今回が『感じる力を育てる』の最終回です。
「内部感覚とはどんな感じがするものか、それを味わうには、近くの神社か仏閣に詣でられるのをおすすめしたいと思います。普通、神社や仏閣には、長い参道や階段があります。これも、私たちの祖先の深い知恵と思いますが、この長い参道や階段を木立の間を抜けて歩いて行きますと、知らず知らずのうちにいままでのごたごたした頭の中の損得の世界を考えなくなり、歩いたり登ったりすることだけに心が集中していきます。
そして本殿や本堂に着いた時は、ホッとして立ち止まります。涼しい風に肌の汗も引き、何となくさわやかな感じになり、おのずから礼拝して柏手をうち、あるいは合掌する時、自分の体の内部に何ともいえないすがすがしさと落ち着きとを感じられると思います。その時の感じをよく味わっていただければ、私の言う内部感覚の一端がおわかりになると思います。…
内部感覚を育てる方法…として、いちばん簡単なのは呼吸を感じ、味わうことです。ゆっくりと息を吐き出して、息の出る感じをじっと体で味わいます。そして吐ききったところで、ゆっくりと息が体に入ってくる感じを味わいます。ここで大切なのは、息の出入に注意することではなく、体の中で味わうことなのです。
注意するのは頭の働きです。味わうのは、内部感覚ですから、無理に気張らないで、自然に体が気持よく感じるように行うことです。無理に気張るのは意識的になっているので、これも頭の作用です。気持よく感じるのは、内部感覚の働きです。…
そのほかに、自然にふれることによっても内部感覚は成長します。自然によって内部感覚が触発され発達するのは、内部感覚の性質上極めて当然のことです。なぜなら、ここで内部感覚というのは、自然の植物や動物の中に、自然全体の中に、生き生きと働いているものだからです。植物や動物は、言葉には出しませんが、全く内部感覚によって、そのままに、自然に生きているのです。ですから、しばらく打算や功利の思いを忘れて、自然の中に無心に身をひたし、心をゆだねましょう。その時、おのずから自然の中に働く生命のリズムによって、自分の中の内部感覚が触発され、その生き生きとした実感を感じることができるようになられるでしょう。
こうして親御さん自身が、自分で内部感覚がわかり、感じ、生きるようになりますと、子どもの中にある内部感覚の働きをすぐ感じとることができるようになり、子どもとのほんとうの共感ができるようになります。…

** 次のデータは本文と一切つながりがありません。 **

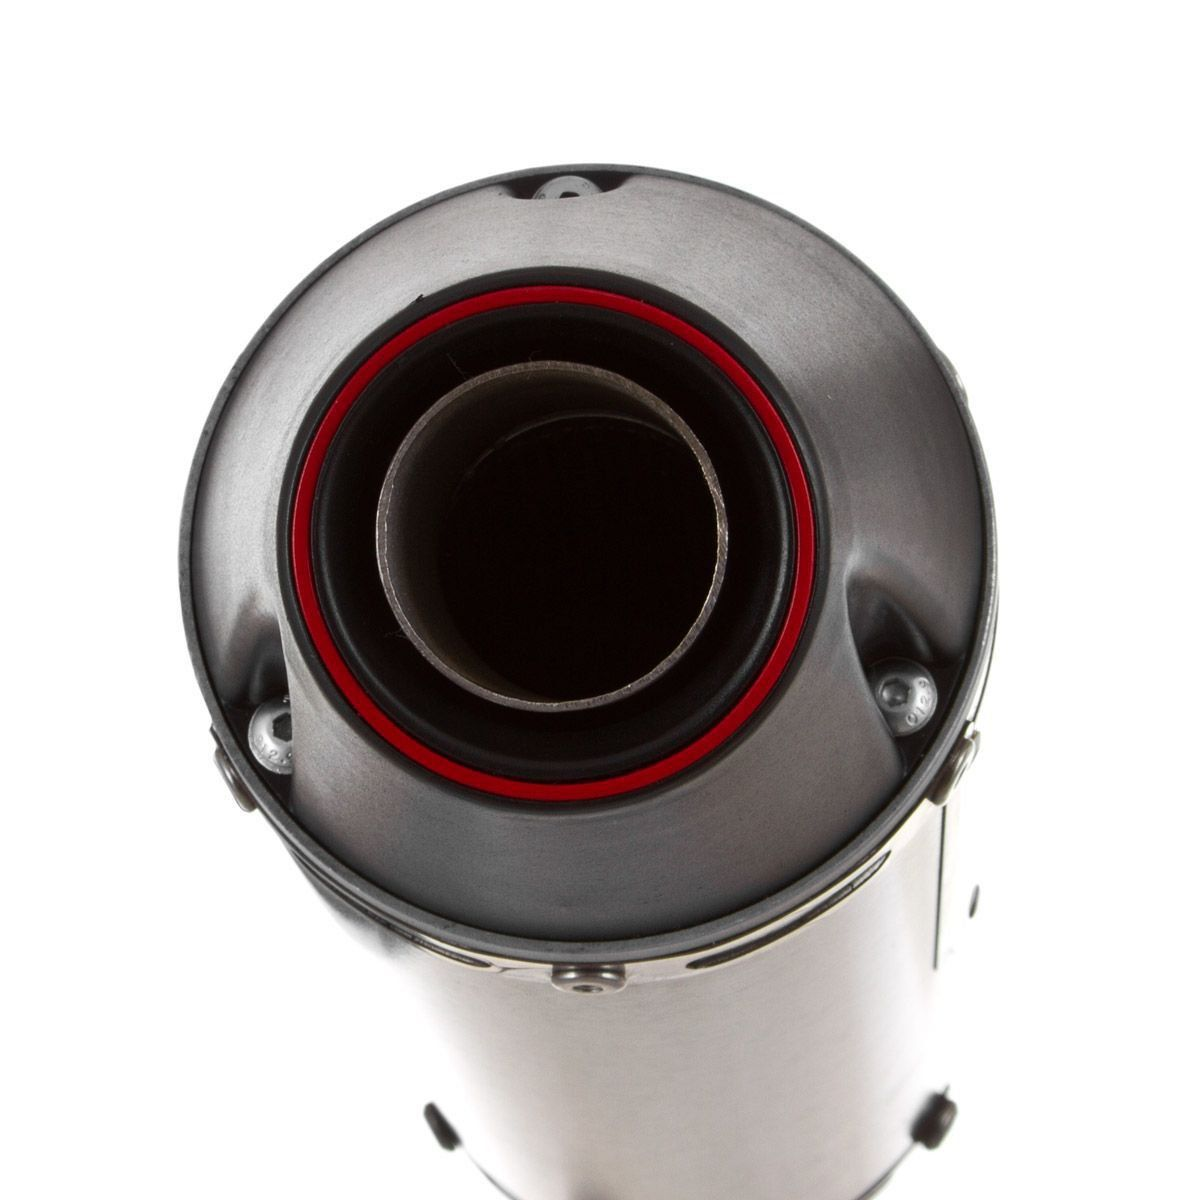 Escapamento Protork Powercore 788 para CRF 230  - Motorshopp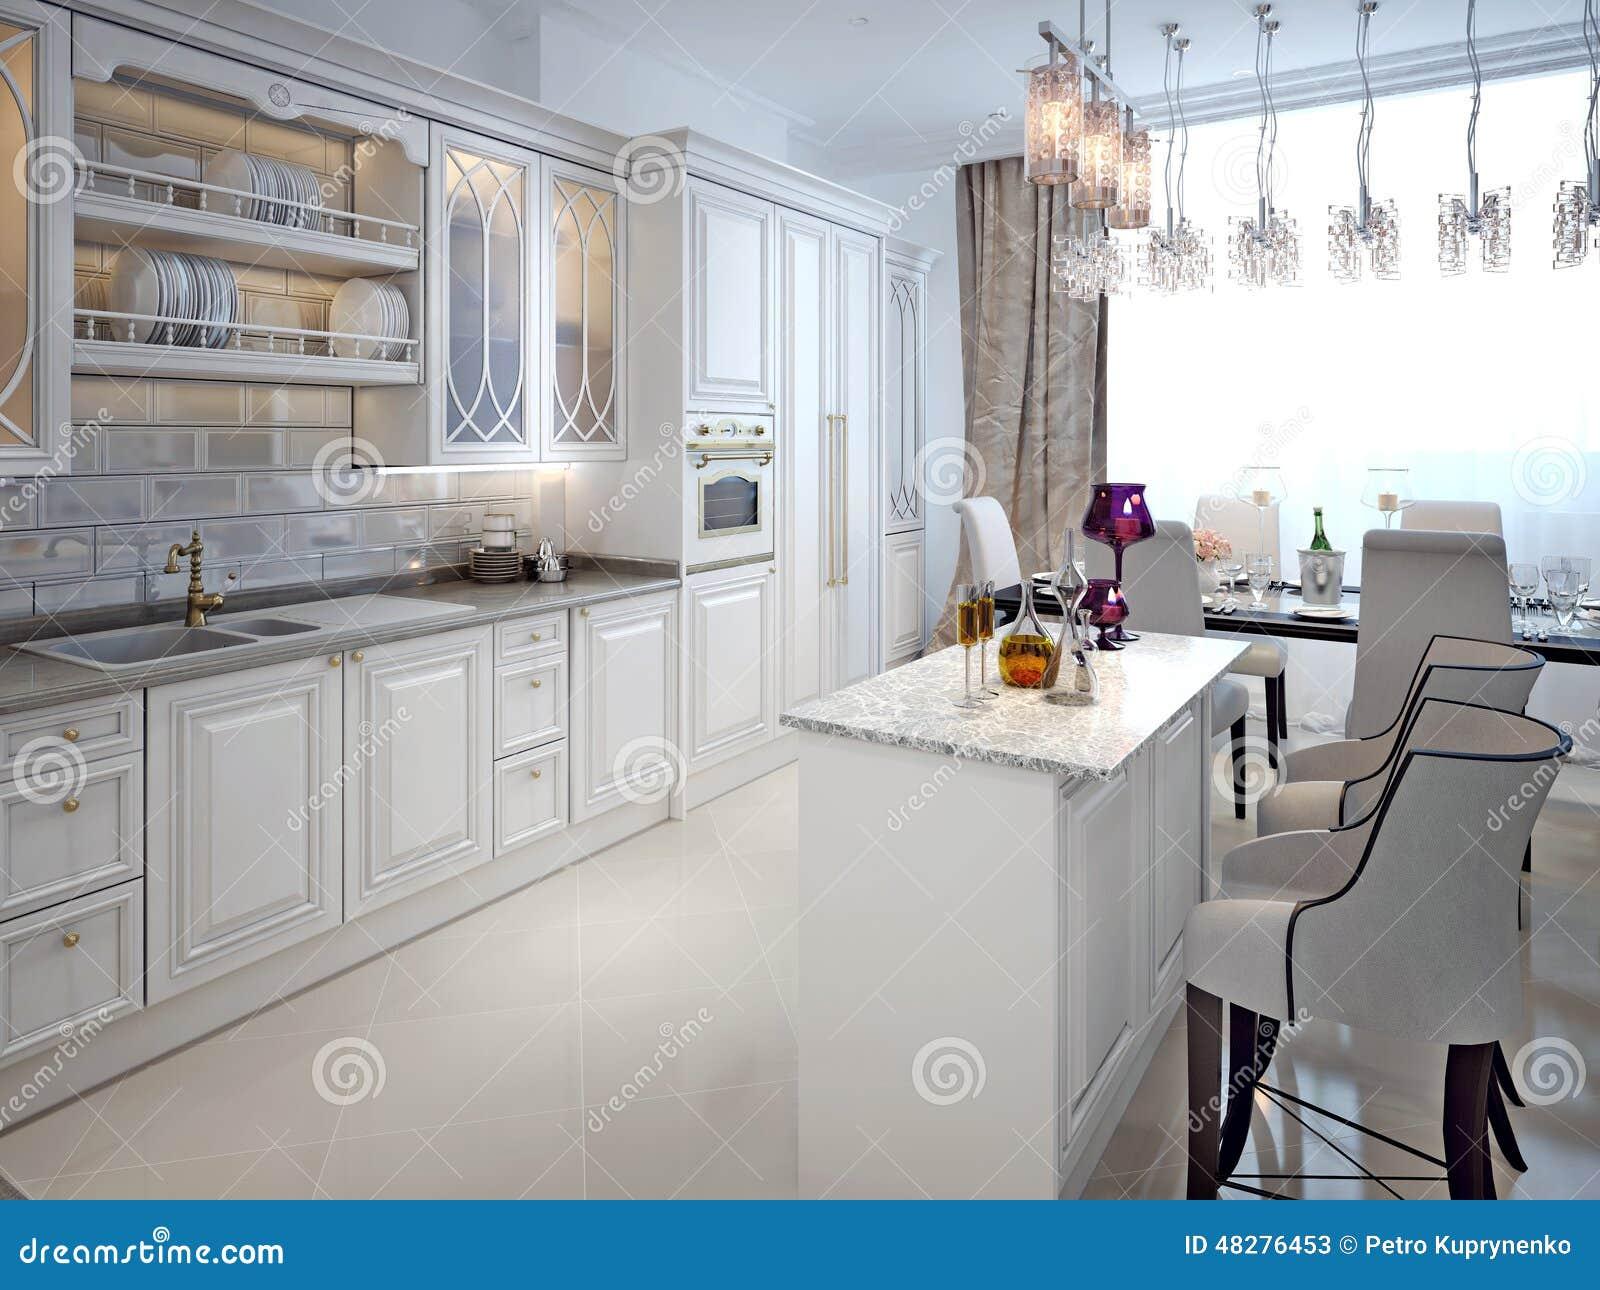 Cozinha No Estilo Clássico Ilustração Stock Imagem: 48276453 #82A328 1300 1065

子どもの生命は、いつも伸びよう、伸びようとして、親の生命からの呼びかけを待っています。その呼びかけは、親の内部感覚で実感するものが、子どもの内部感覚に感じられることによって行われるのです。親は自分の内部感覚の声に耳を傾け、子どもの中に宿る生命を直視し、実感し、子どもの内部感覚に訴えることが望まれます。」(近藤章久『感じる力を育てる』柏樹社より)
自分の内部感覚を育てるための三つの方法。
ひとつは、神社仏閣への参詣。
ふたつめは、呼吸、私的にはできれば丹田呼吸。
みっつめが、自然に触れること。
このどれも皆さんに強くお勧めしたいと思います。
そしてまず親が、あるいは、対人援助職者が、自らの内部感覚を発達させて行くことが、やがて子どもの、あるいは、患者さん/利用者さんの内部感覚を発達させて行くことにもつながっていくことになります。
知識・技術偏重の時代、改めて、感じることの大切さを、それも内部感覚を感じることの大切さを再認識していただき、「感じる力を育てる」「子どもの生命(いのち)に呼びかける」「患者さん/利用者さんの生命(いのち)に呼びかける」という大事なミッションを実践していただきたいと心から願っています。
それが本書に込められた近藤先生からのメッセージでした。